Every line below from the one with "Robe Contrastante - Tara Jarmon" through the one with "Junior jailbait girl naturism photos" should be retyped exactly, both ends included; no other lines and no pictures.

PROVIDED DATA:
---

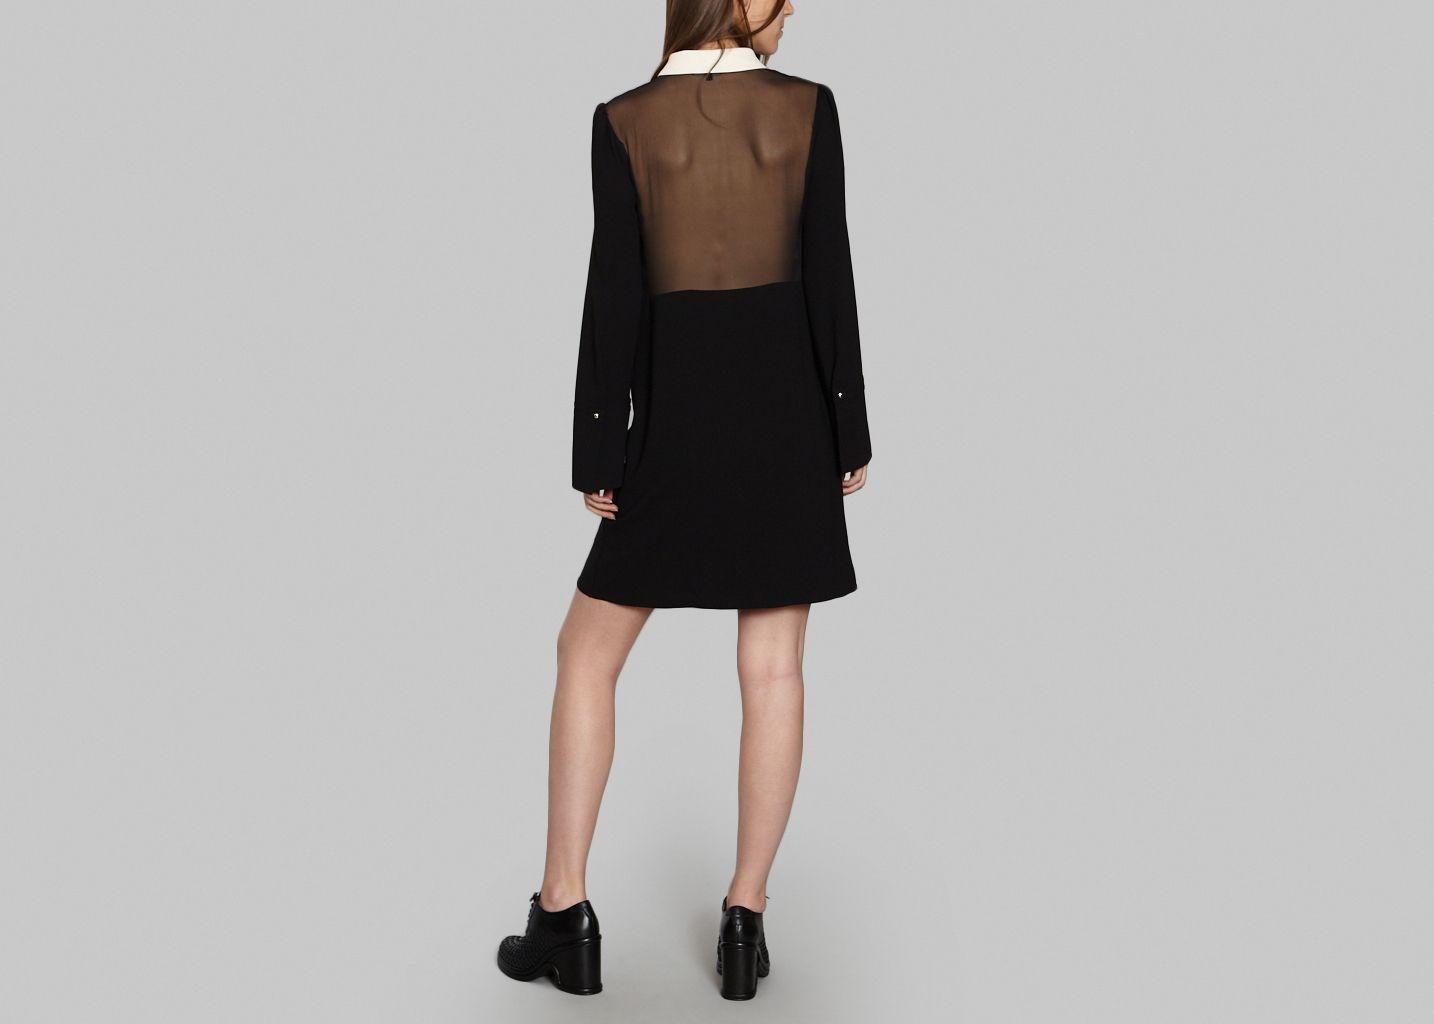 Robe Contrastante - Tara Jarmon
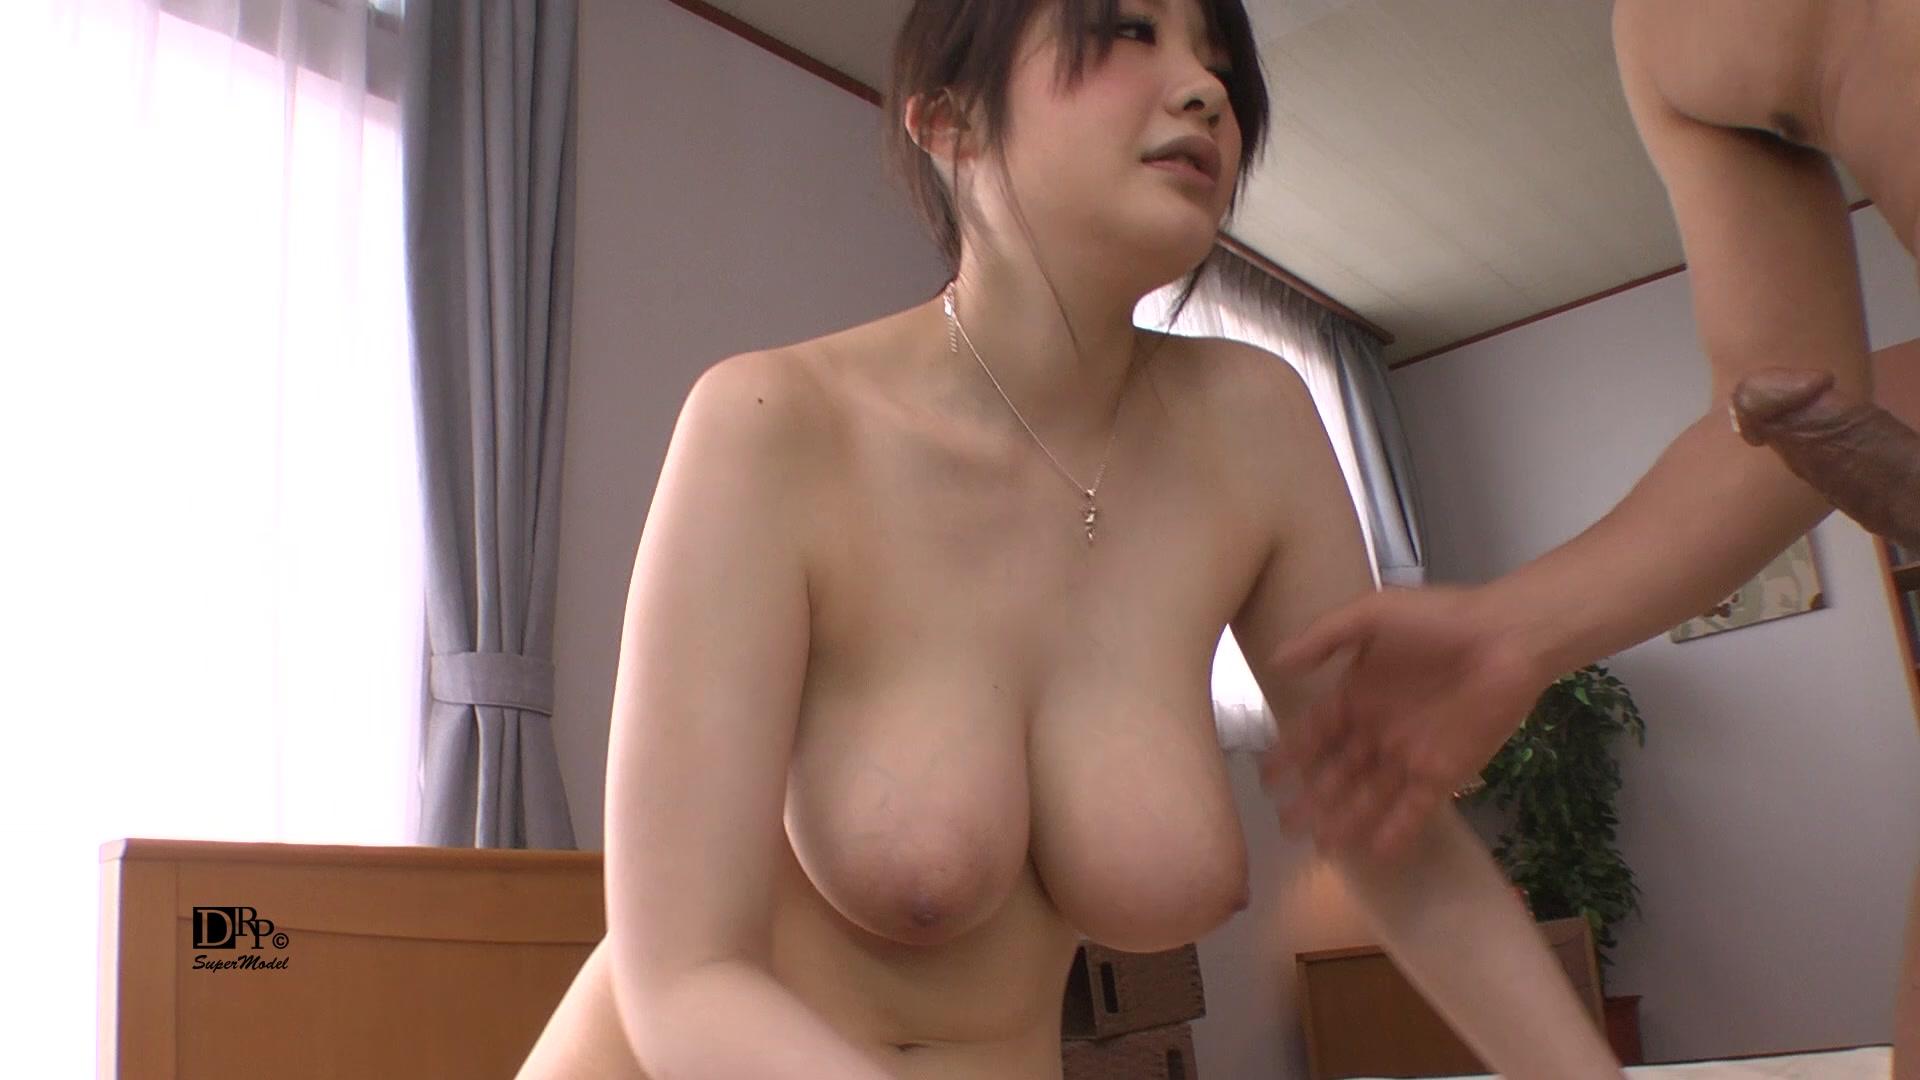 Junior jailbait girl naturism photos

---

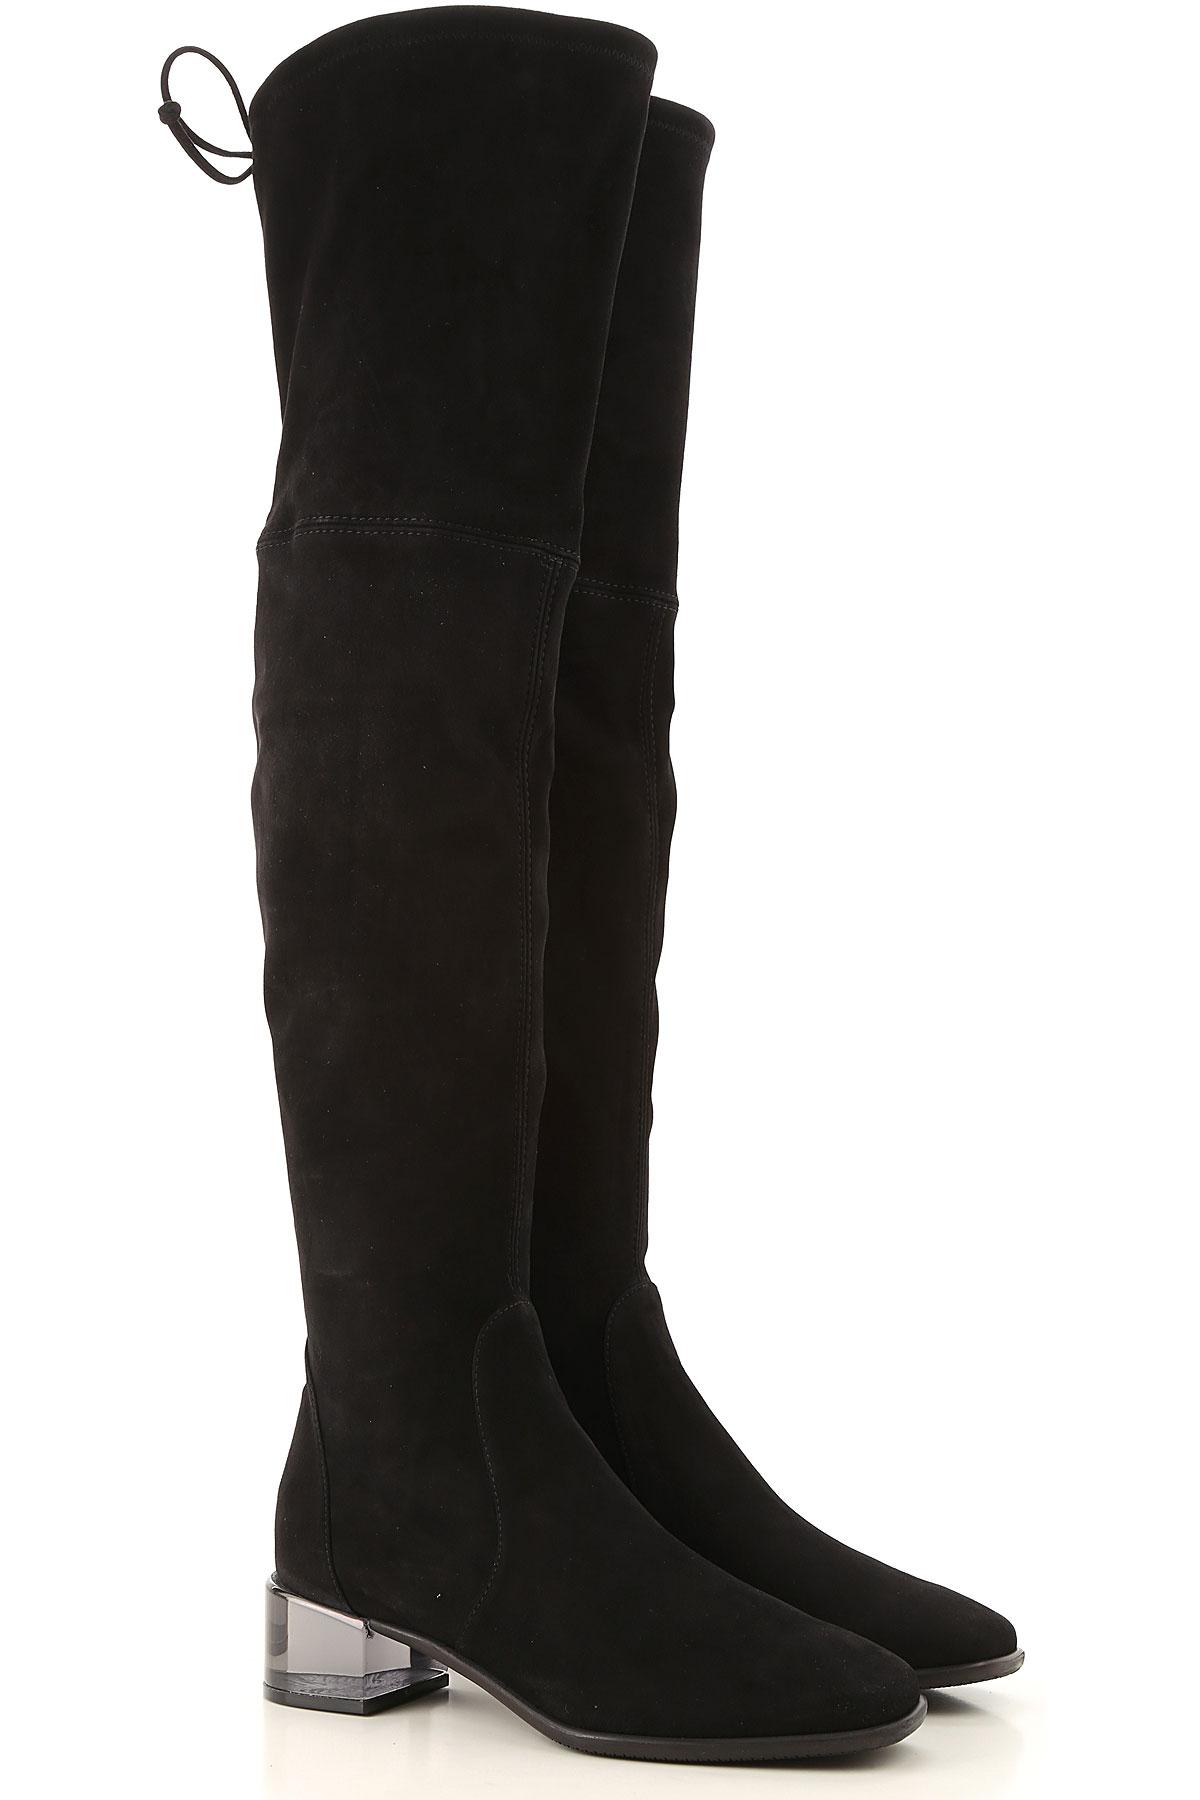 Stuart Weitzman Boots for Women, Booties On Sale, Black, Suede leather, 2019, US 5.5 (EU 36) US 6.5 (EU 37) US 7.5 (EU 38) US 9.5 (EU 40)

---

PROBLEM SOLUTION:
 Robe Contrastante - Tara Jarmon
 Junior jailbait girl naturism photos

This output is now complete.